Using AI to Map Methane Emissions
Methane emissions have been identified as being responsible for 30 percent of Earth’s warming
From the COE/CLS Convergence magazine (S23) article - "Focus On: The Rise of AI – 'Using AI to Map Methane Emissions'"
At the 2022 World Climate Summit, methane emissions were identified as being responsible for 30 percent of Earth’s warming. “To put that into perspective,” says Satish Kumar, a fifth-year PhD student in the Vision Research Lab (VRL), led by B. S. Manjunath, distinguished professor and chair of the Electrical and Computer Engineering Department at UC Santa Barbara, “The amount of damage to the environment that CO2 will do in 100 years, methane can do in just 1.2 years.” The problem has worsened in the U.S. since about 2010, when domestic oil and natural-gas production exploded.
Manjunath, a pioneer in the field of big-image-data management and director of the Center for Multimodal Big Data Science and Healthcare, was recently elected to the National Academy of Inventors (NAI). In the realm of multimodal big data, he developed the open-source BisQue (Bio-Image Semantic Inquiry User Environment) image informatics platform, the intent of which was, he says, “to enable reproducible computer vision [a main topic of AI research], bringing together data, annotations, and methods so that researchers could reproduce their results at anytime.

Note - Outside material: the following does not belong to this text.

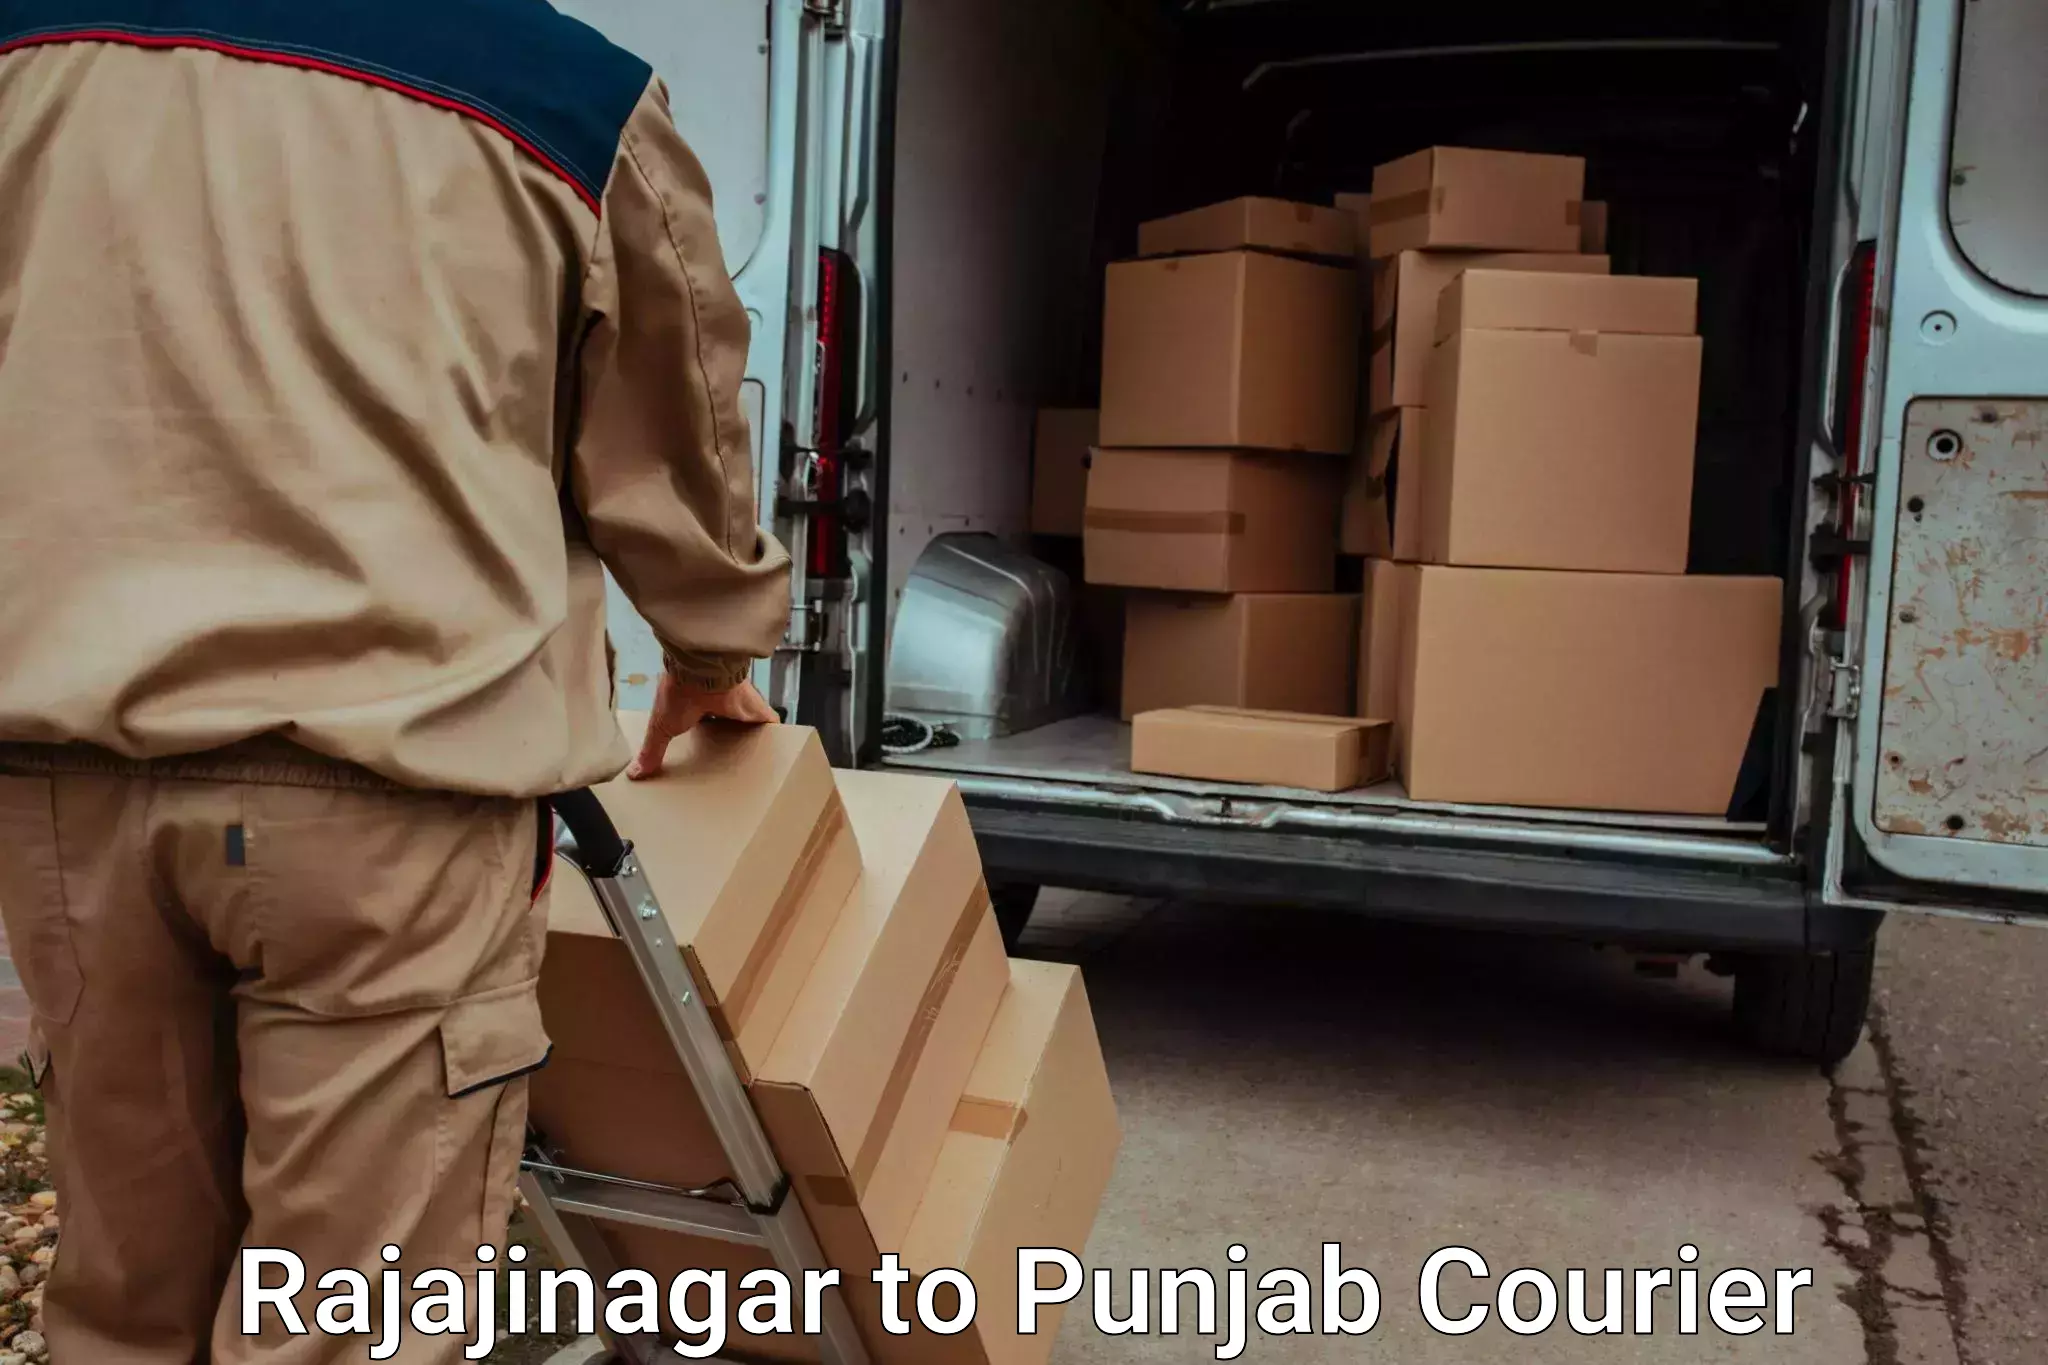 Stress-free moving Rajajinagar to Punjab

To help address the methane problem, Kumar developed a computer-vision/AI model, called the MethaneMapper (the data and AI models are distributed through the BisQue software platform), to detect emissions from two key sources: the gas and oil sector, which make up 36 percent of total methane emissions in the U.S., and agriculture and dairy farms, which account for 26 percent. He is the lead author on a scientific paper about the MethaneMapper that will be featured as a “Highlight Paper” at the 2023 Computer Vision and Pattern Recognition (CVPR) Conference, the premiere event in the computer-vision field, to be held this June in Vancouver, British Columbia.

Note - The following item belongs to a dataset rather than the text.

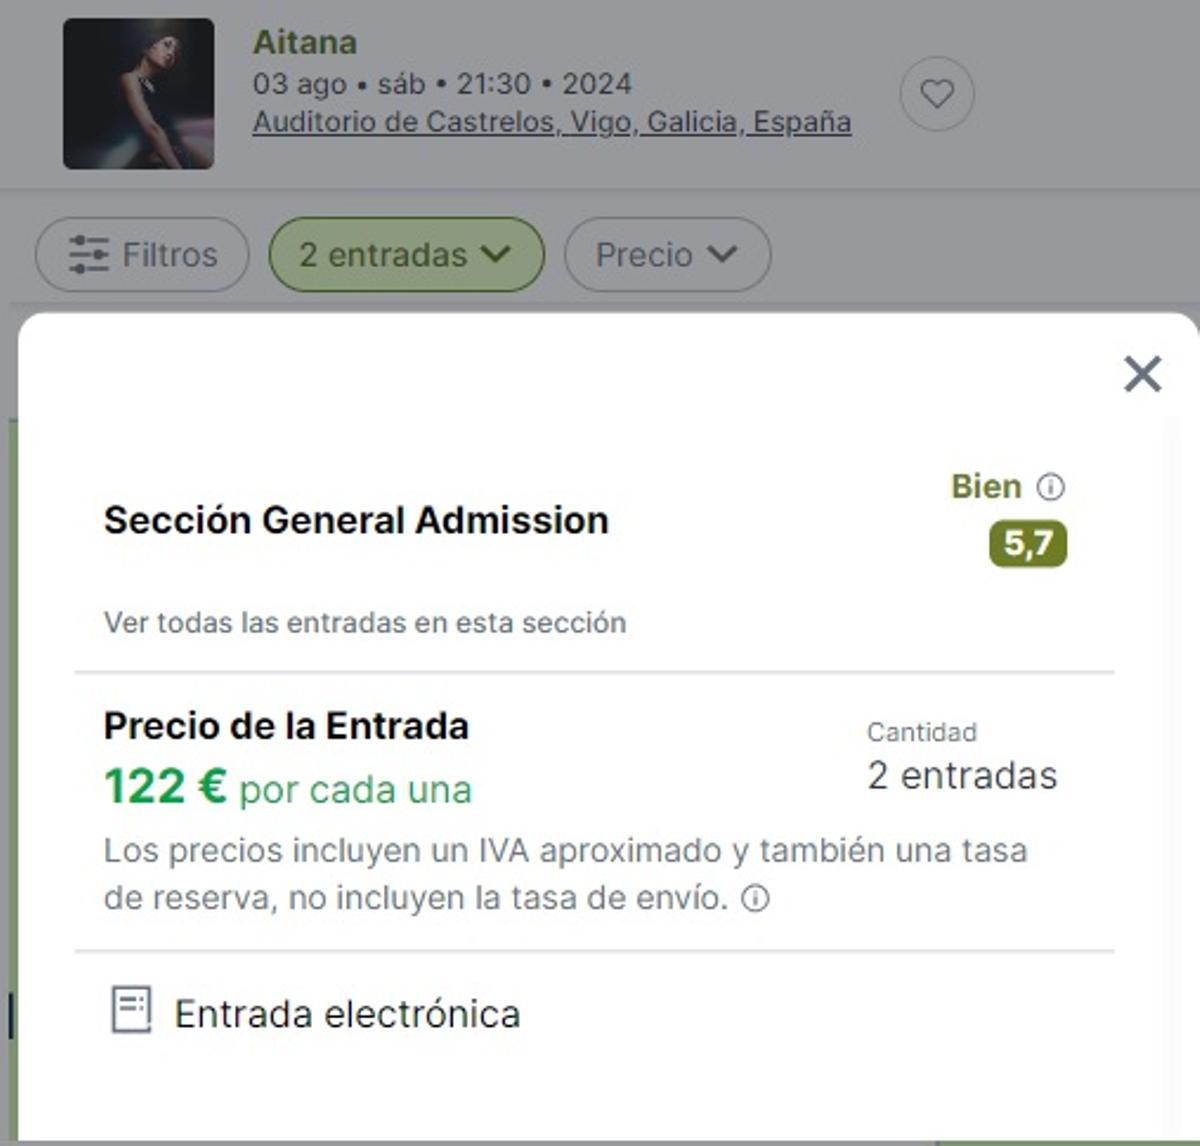 Páginas como Viagogo ofrecen entradas para el concierto de Aitana en Vigo por 122 euros.

Several methane-monitoring systems are currently in place, but existing methods for analyzing those images are not scalable, because they are prone to significant error and must be inspected by domain experts. MethaneMapper does everything automatically.

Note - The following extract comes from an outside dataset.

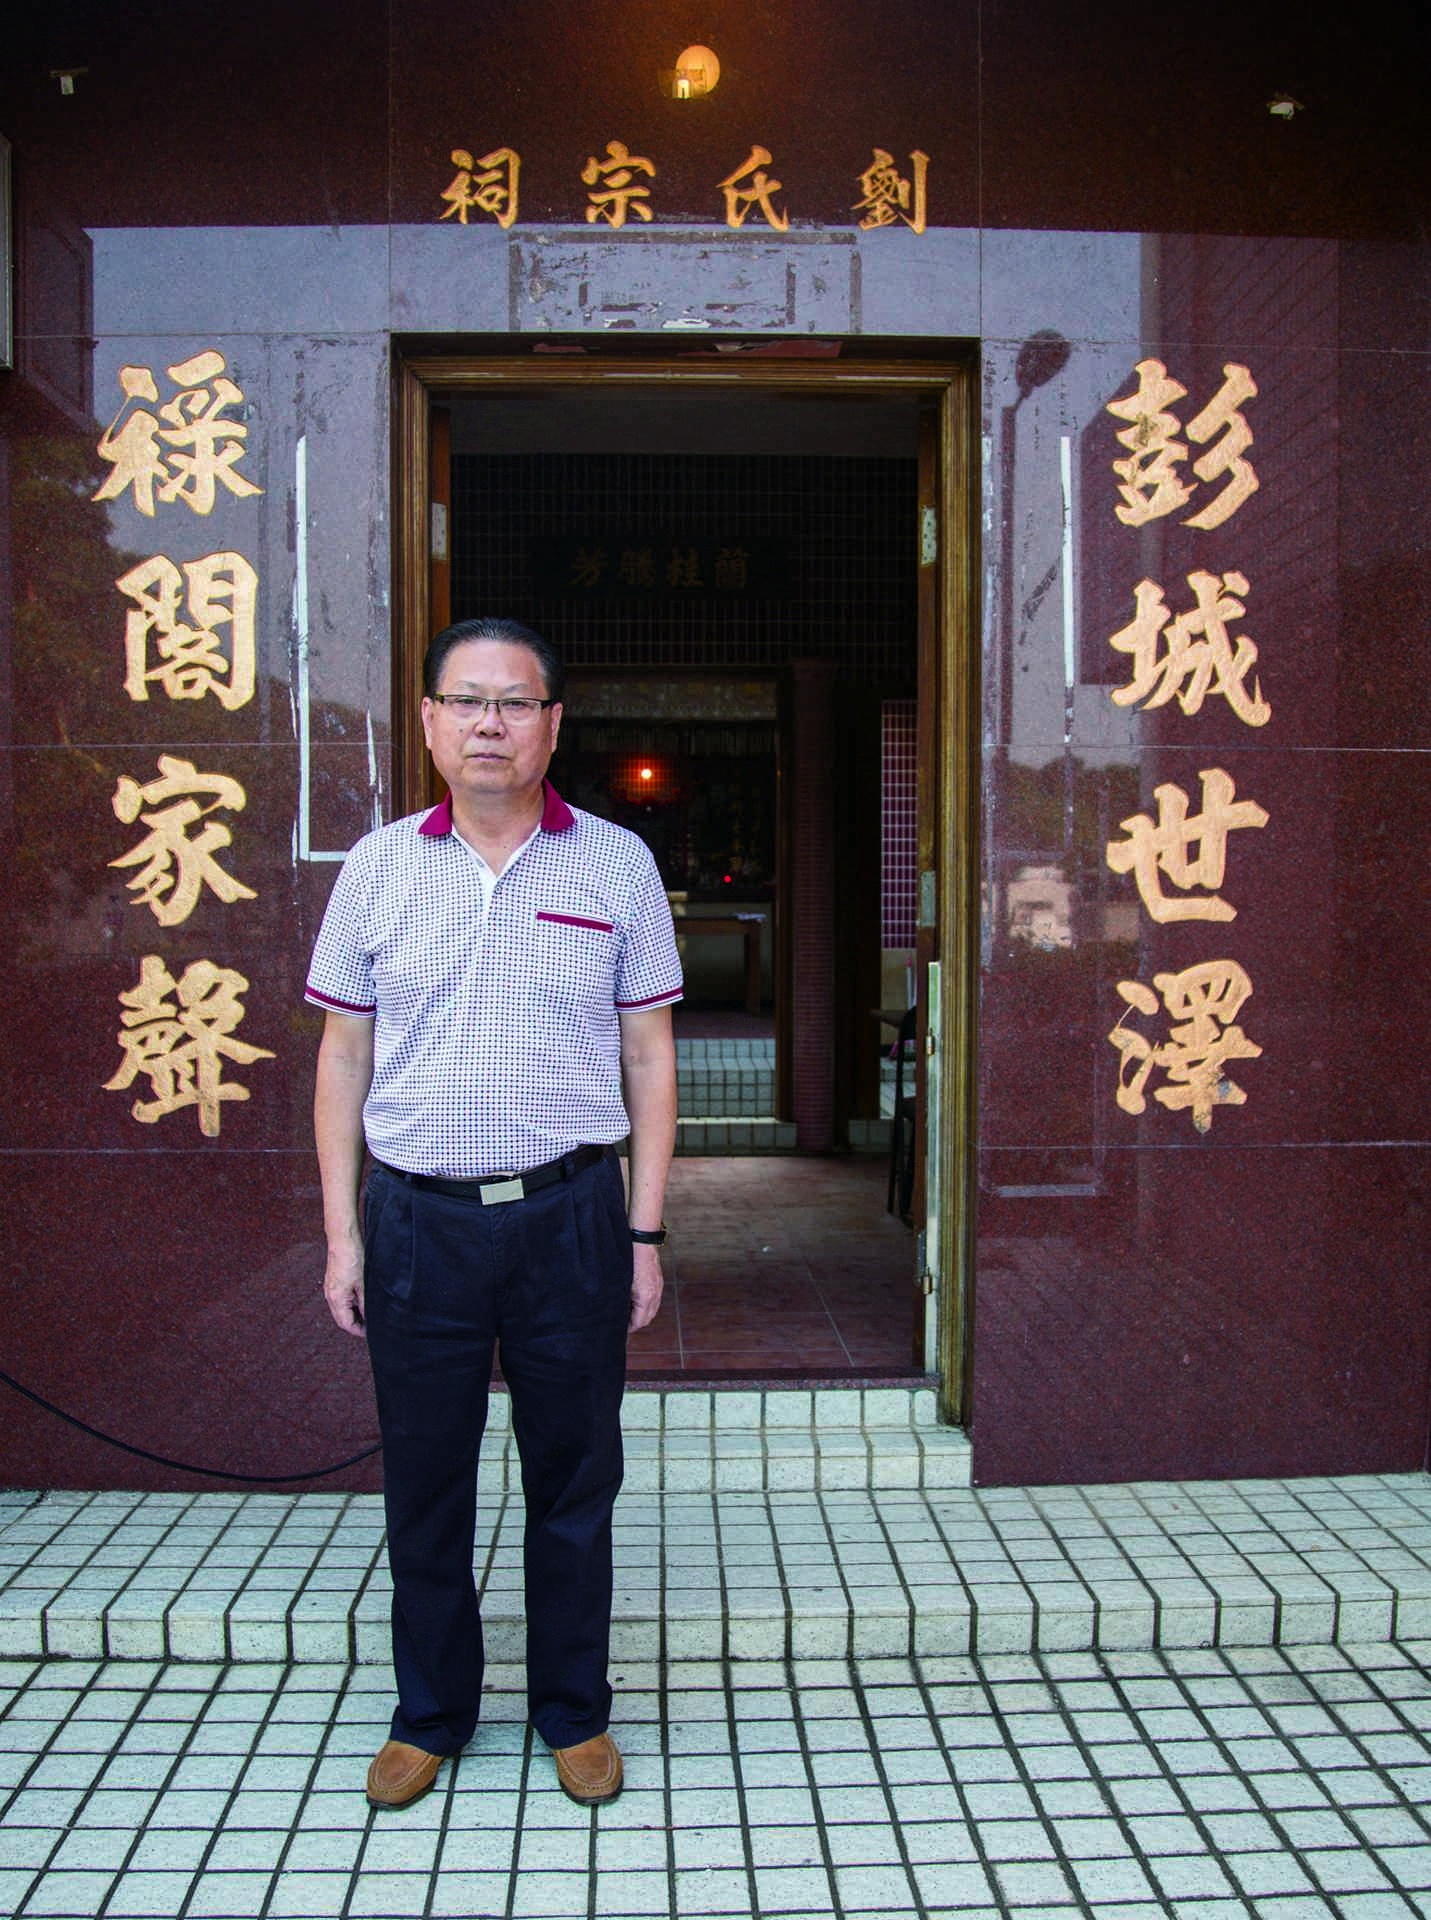 下洋村居民代表劉錦昌先生。

Kumar proposes what the paper describes as “a novel end-to-end spectral absorption wavelength aware transformer network…that introduces novel modules to help locate the most relevant methane plume regions.” One module transforms what is called a HyperSpectral data cube into an aerial map displaying the location of a methane plume on the ground. Says Manjunath, “Our vision is to scale this analysis to the global level, using satellite images.”
Illustration Caption: The stacked images of a HyperSpectral data cube reveal specific elements on Earth, such as methane plumes.